The bill also bans lenders from foreclosing on federally backed mortgages through mid-May and imposes a four-month ban on evictions by landlords who rely on federal housing programmes.
The package includes nearly $25bn in food assistance, including $16bn for the Supplemental Nutrition Assistance Program, or SNAP, also known as food stamps, and $9bn for child nutrition programmes. Additionally, the bill provides $450m for the Emergency Food Assistance Program, which supplies food banks, $350m of which would go toward additional food and $100m of which would be channeled to distribution efforts. An additional $200m is provided for food assistance in Puerto Rico and other US territories, as well as $100m food distribution on Native American reservations.
The US Treasury Department will be authorised to provide up to $500bn in loans, loan guarantees and investments to companies both large and small. The money comes with catches, however. Businesses that receive the money may not issue dividends for up to a year beyond the date the loans are repaid, and must retain 90 percent of the employees on their payroll as of March 24 “to the extent practicable” through September 30. The loans must be repaid within five years. There are also limits on executive compensation at companies accepting the aid, and prohibitions on using the money for stock buy-backs.
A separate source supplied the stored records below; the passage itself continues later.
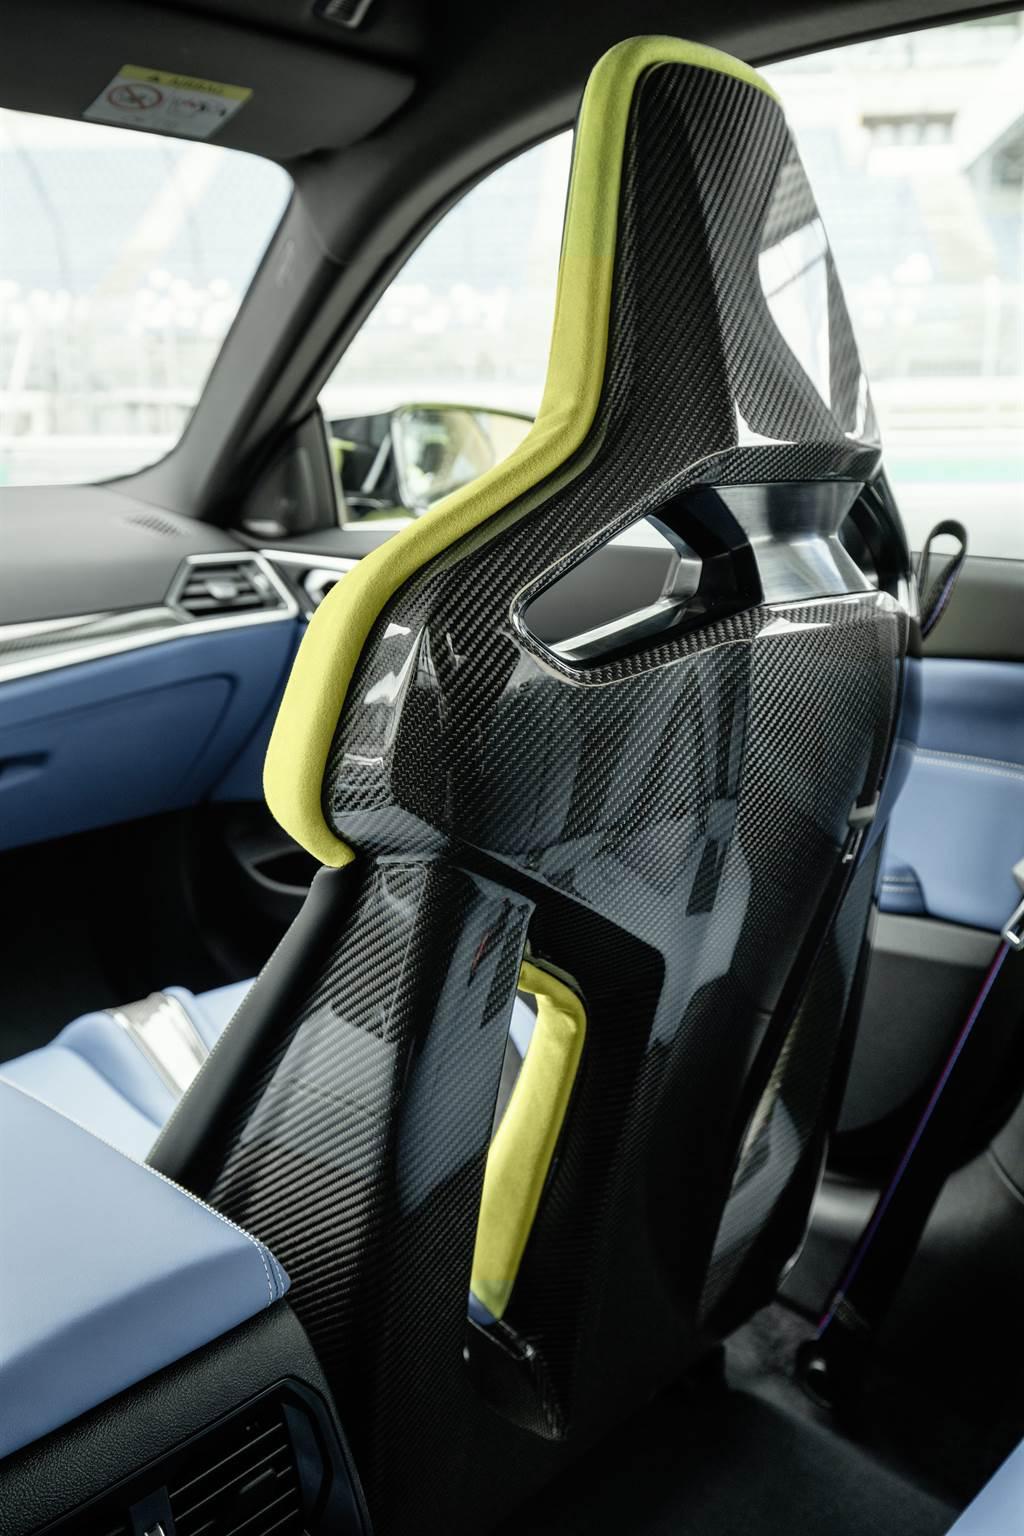 BMW M3與M4 Competition Racing Package搭載首次推出的「M專屬碳纖維賽車桶型座椅」,兼顧輕量與堅韌的全新設計。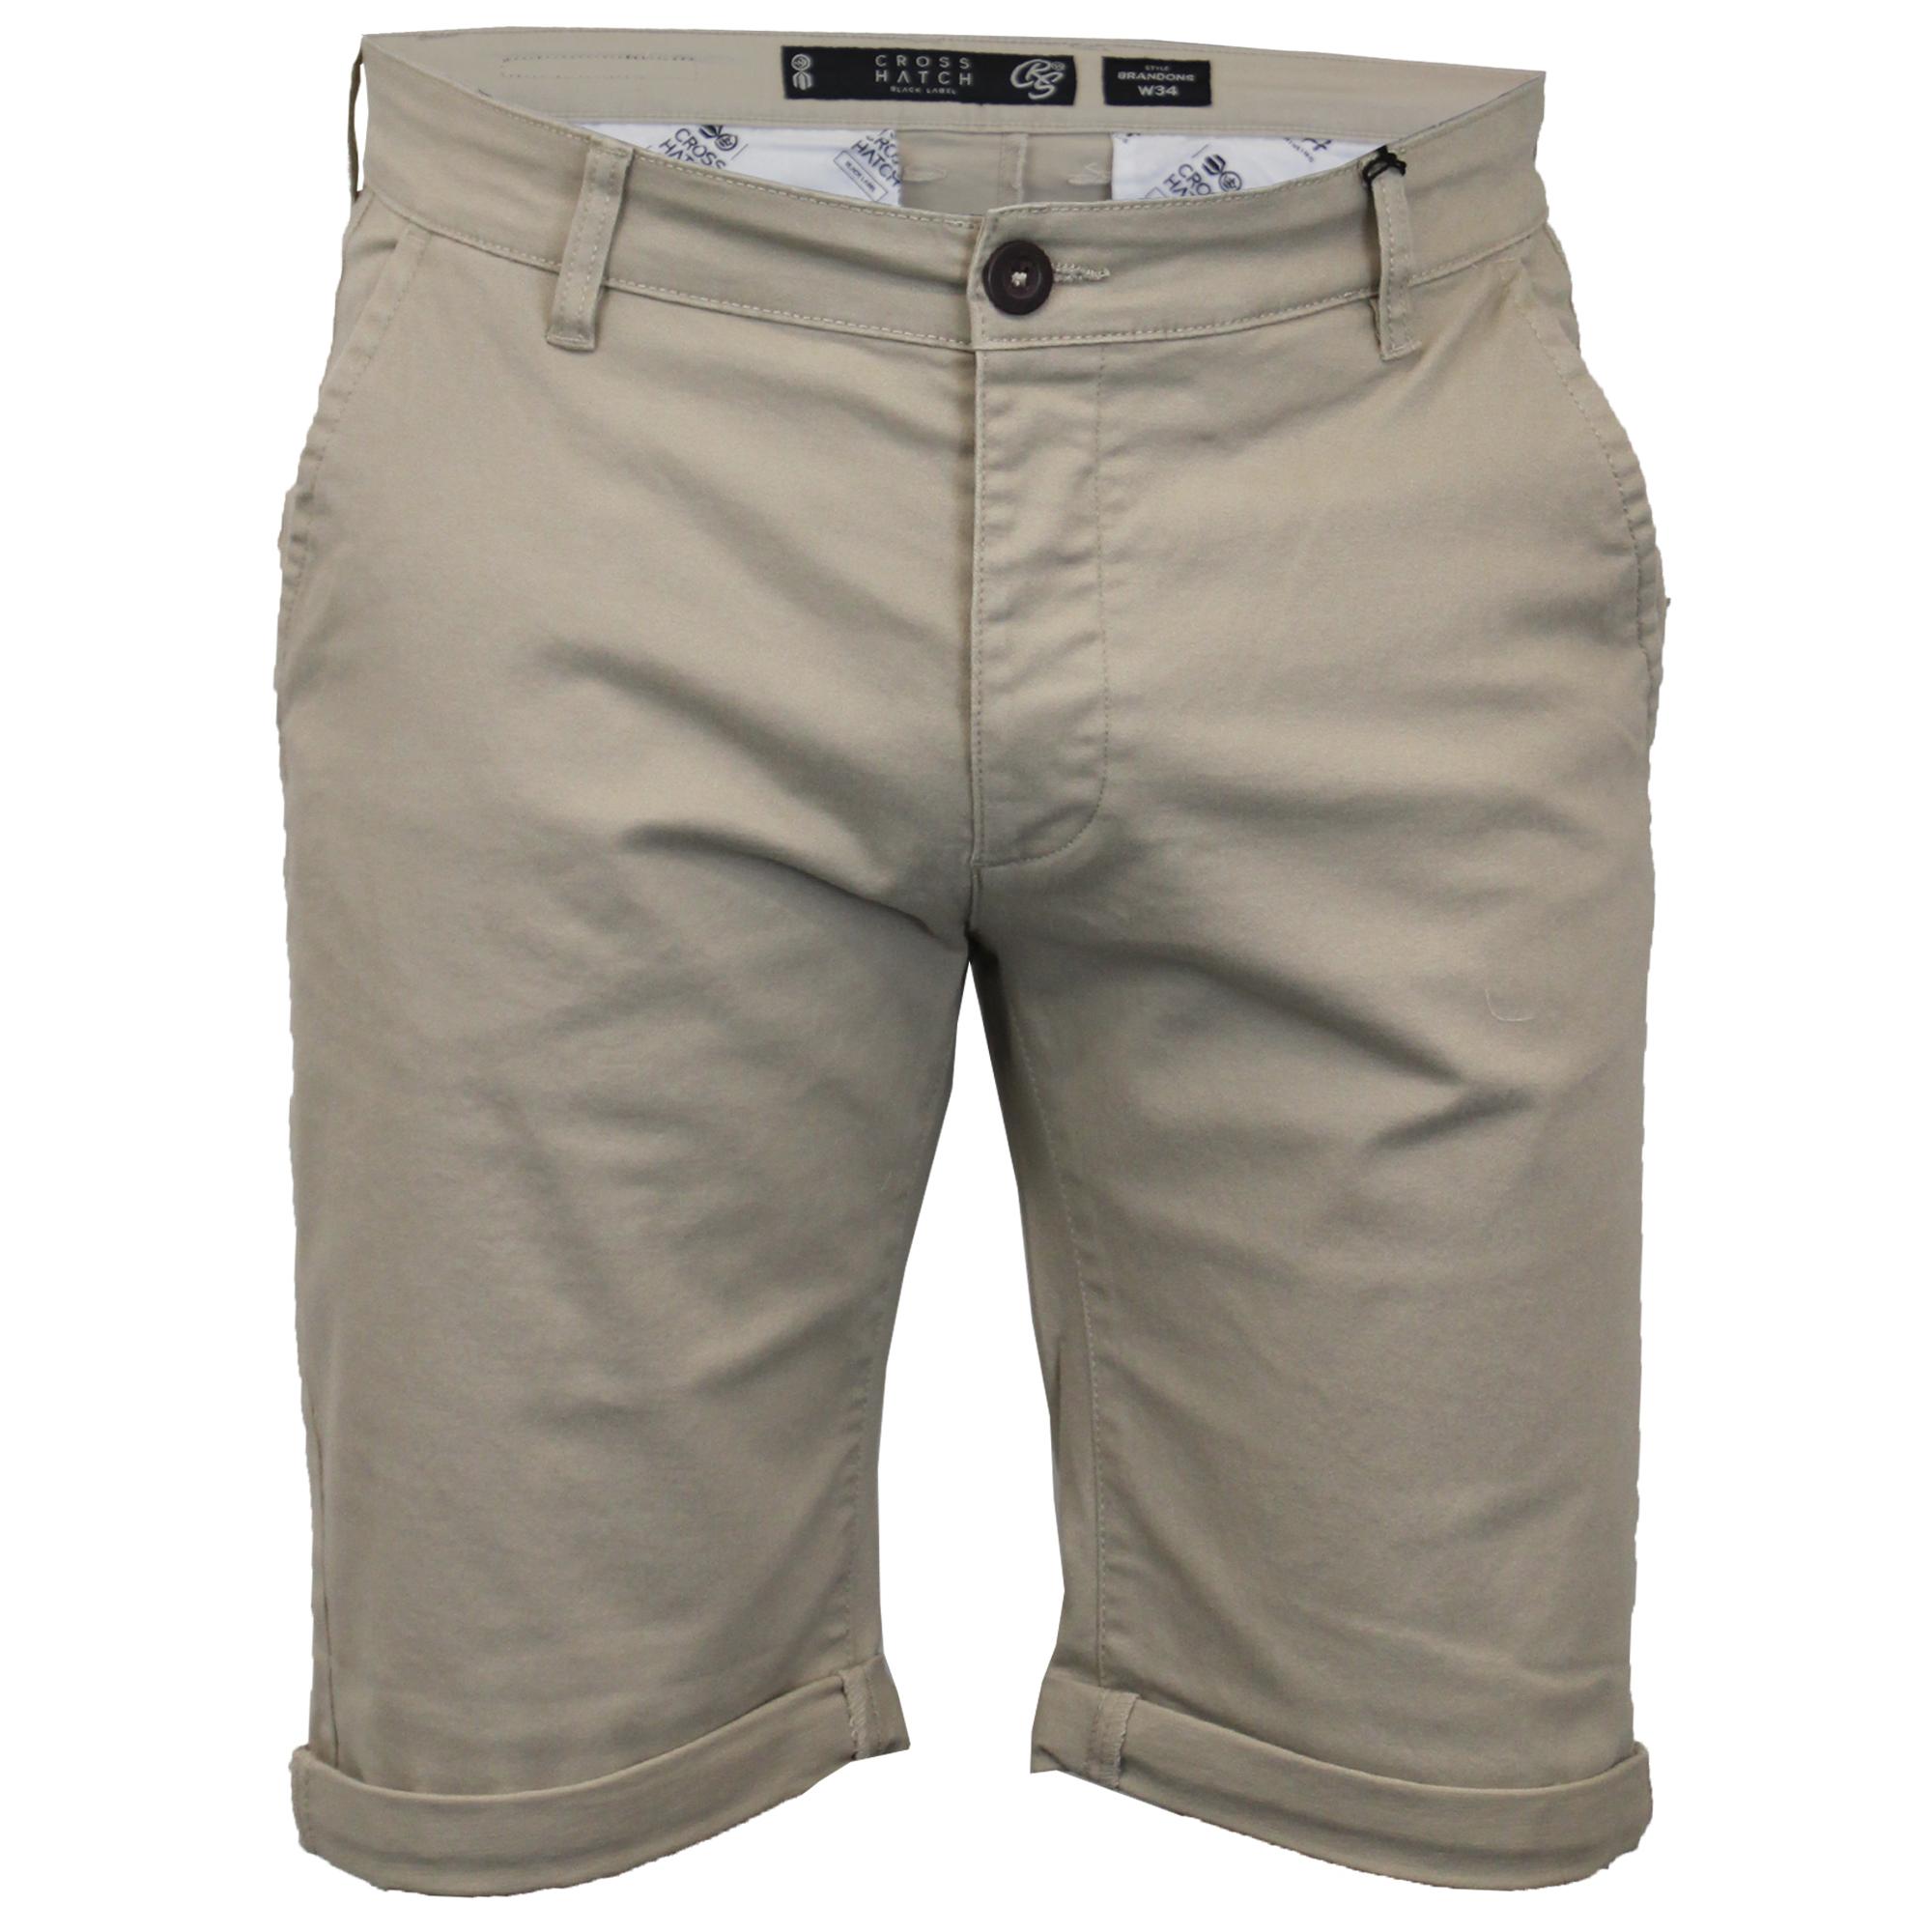 thumbnail 11 - Mens-Chino-Shorts-Crosshatch-Brandons-Knee-Length-Fastrack-Roll-Up-Summer-New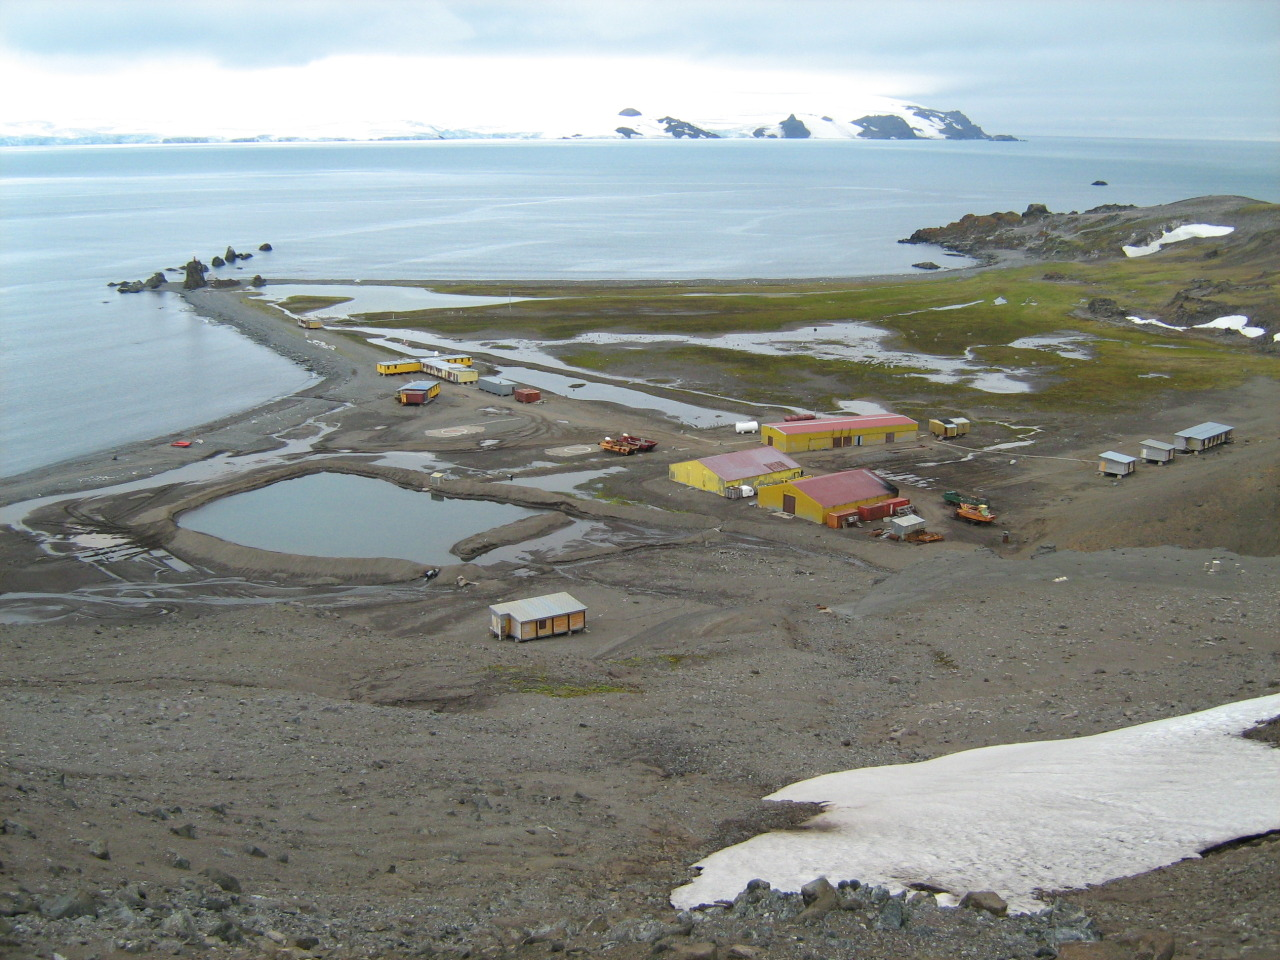 Vídeo | Cambio Climático. Cascadas de agua en la Antártida por la escasez de nieve

Some of the money is directed at specific industries. Airlines, for example, will get $29bn in grants and $29bn in loans and loan guarantees, as well as a reprieve on excise and fuel taxes. Half of the money is devoted explicitly to employees’ wages, salaries and benefits. Strings on the assistance include limits on executive compensation and stock buy-backs.
Up to $17bn of the money is directed at companies involved in “national security”, which is being widely interpreted as intended for planemaker Boeing.
Farmers will get up to $14bn in aid via the Commodity Credit Corporation to offset losses in that sector. Additionally, the US Department of Agriculture will receive $9.5bn to provide emergency aid for cattle ranchers, fresh fruit and vegetable growers, and others in the agricultural sector.
One business that will not be benefitting from the package is the chain of hotels and resorts owned by Trump. Legislators inserted language into the bill that precludes companies majority-owned or controlled by any prominent figure in either the executive or legislative branches of government, including cabinet members and members of Congress, from tapping into the government loans or investments.
A total of $377bn has been allocated to offer loans and grants to small businesses with 500 or fewer employees. To encourage the distribution of these loans, banks would earn a 5 percent fee for making the loans. Payments can be deferred up to a year, and the loans could be partially forgiven if the money is used to pay employee salaries, rent, mortgage interest or utilities.
The bill also allocated $17bn to defer existing payments on Small Business Administration loans and $10bn in emergency grants to small businesses.
The bill includes $100bn in grants for hospitals and other healthcare providers to help them cope with the crisis and to make up for revenue they lost by delaying other procedures. They will also receive a 20 percent increase in Medicare payments for treating patients with the virus.
As much as $45bn is directed at the US Federal Emergency Management Agency’s Disaster Relief Fund for state and local efforts to combat the virus, including for protective equipment.
State and local governments will get $150bn to cover costs associated with the virus, to be distributed based on each state’s proportion of the total US population. No state shall receive less than $1.25bn, and local governments that serve populations of more than 500,000 will be eligible.
State and local governments will also receive $400m in grants to cover the costs of shifting elections away from polling centres to remote methods such as voting by mail.
Some $30bn in aid is directed toward the education sector, including colleges and universities and local school districts.